══ DATA SHOWN

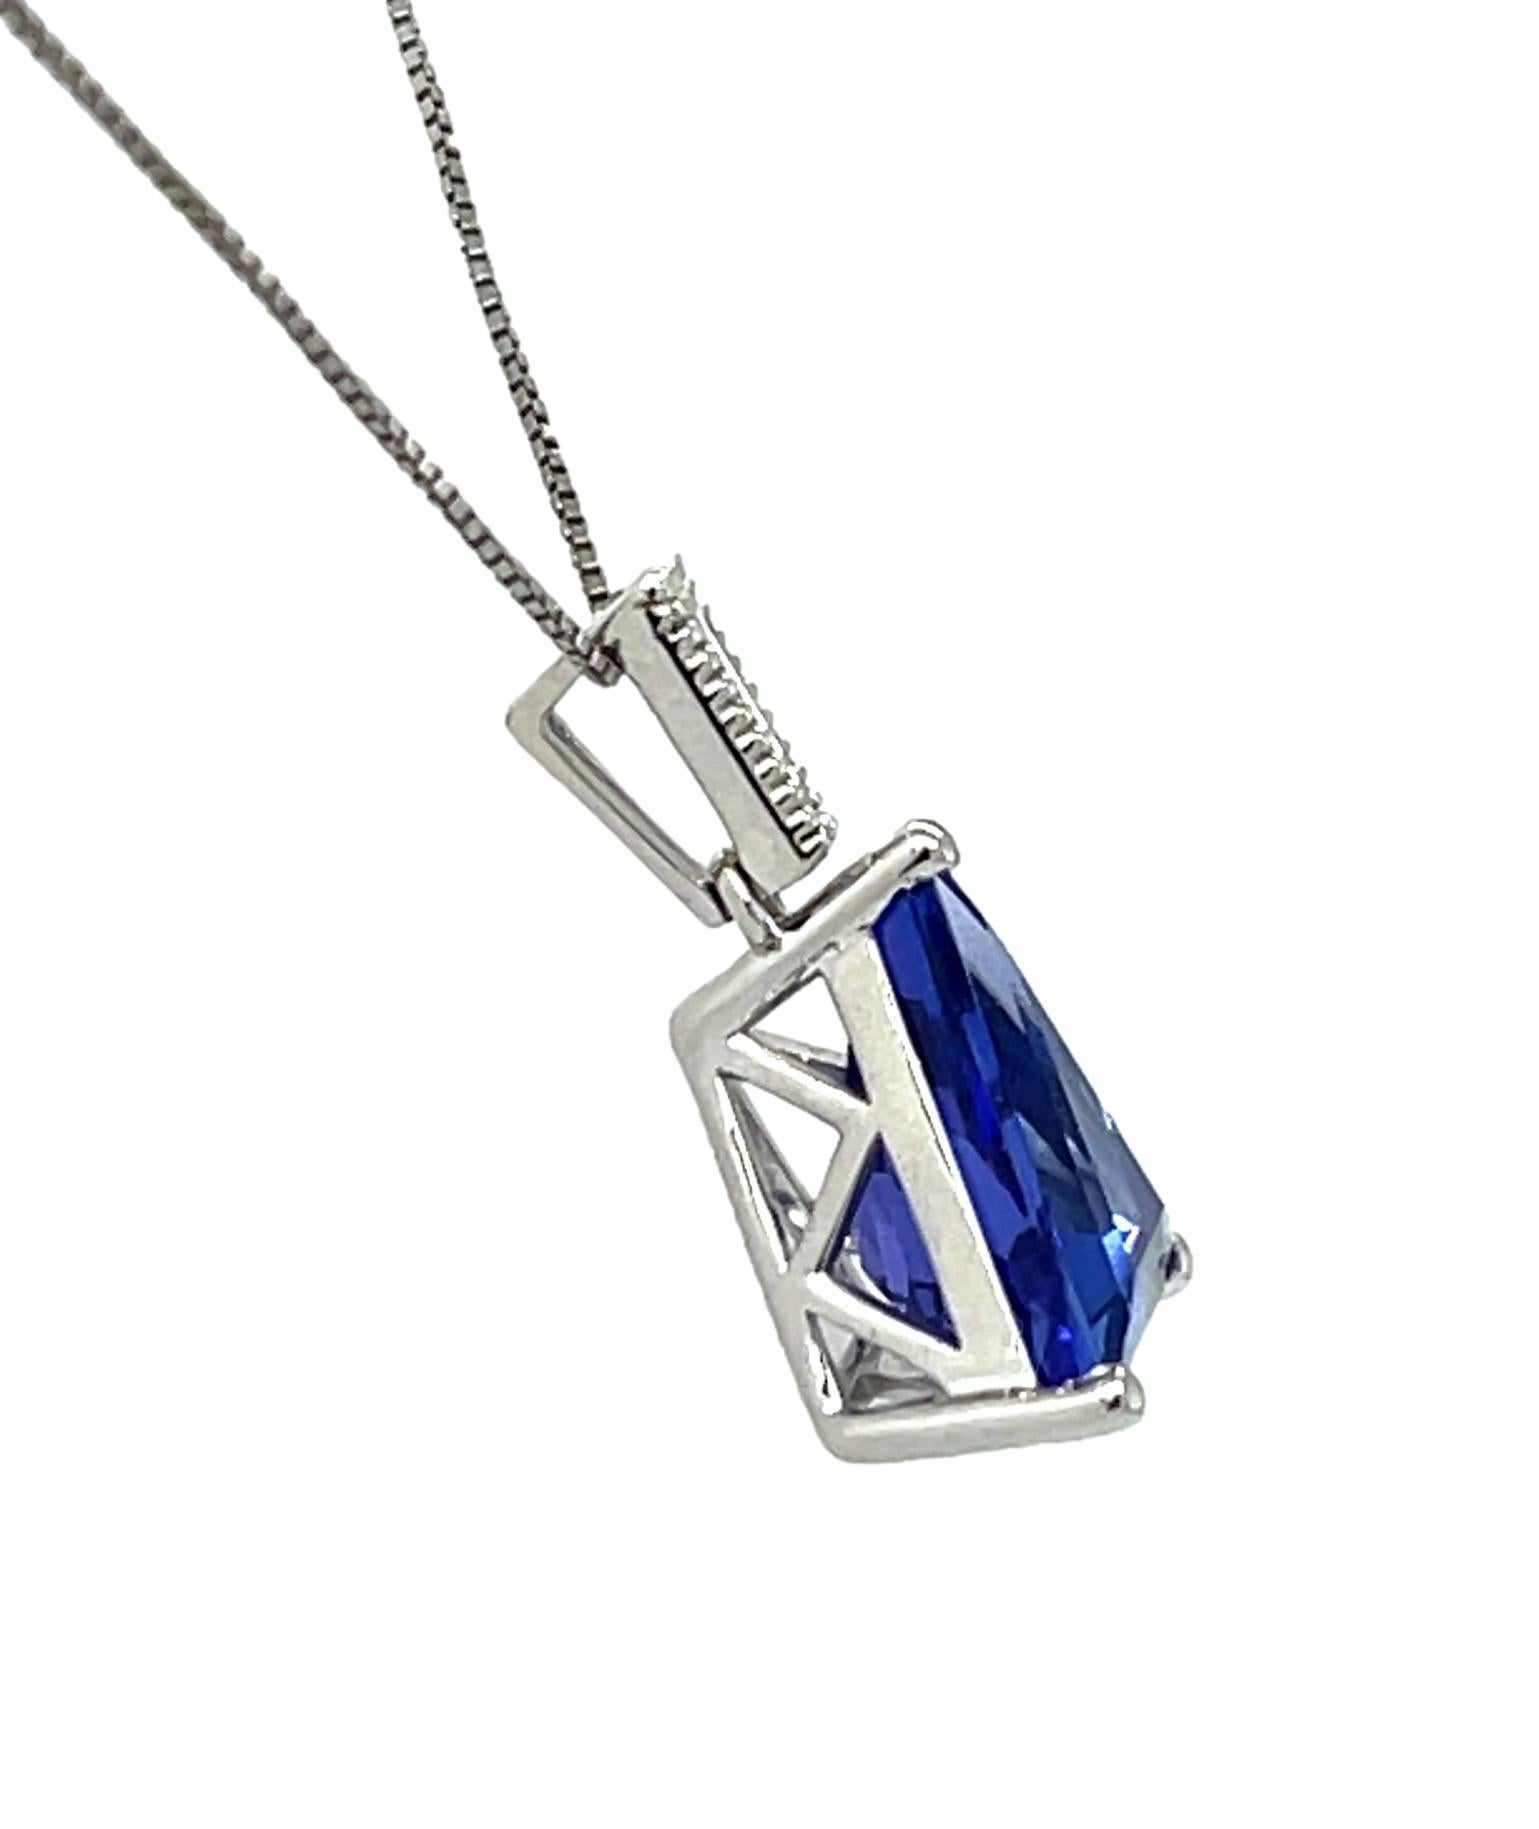 This stunning fancy cut trillion AAA quality Tanzanite pendant has a special cut elongated tapered baguette diamond on top. Comes with a gold chain. It comes in a beautiful box ready for the perfect gift!

18KW: 1.60 gms
Tanz wt: 3.36 cts
Tanz

════

▸ **ACTIVITY**
In your copy, the listing above should appear word for word, with no images.

▸ **TASK OUTPUT**
 This stunning fancy cut trillion AAA quality Tanzanite pendant has a special cut elongated tapered baguette diamond on top. Comes with a gold chain. It comes in a beautiful box ready for the perfect gift!

18KW: 1.60 gms
Tanz wt: 3.36 cts
Tanz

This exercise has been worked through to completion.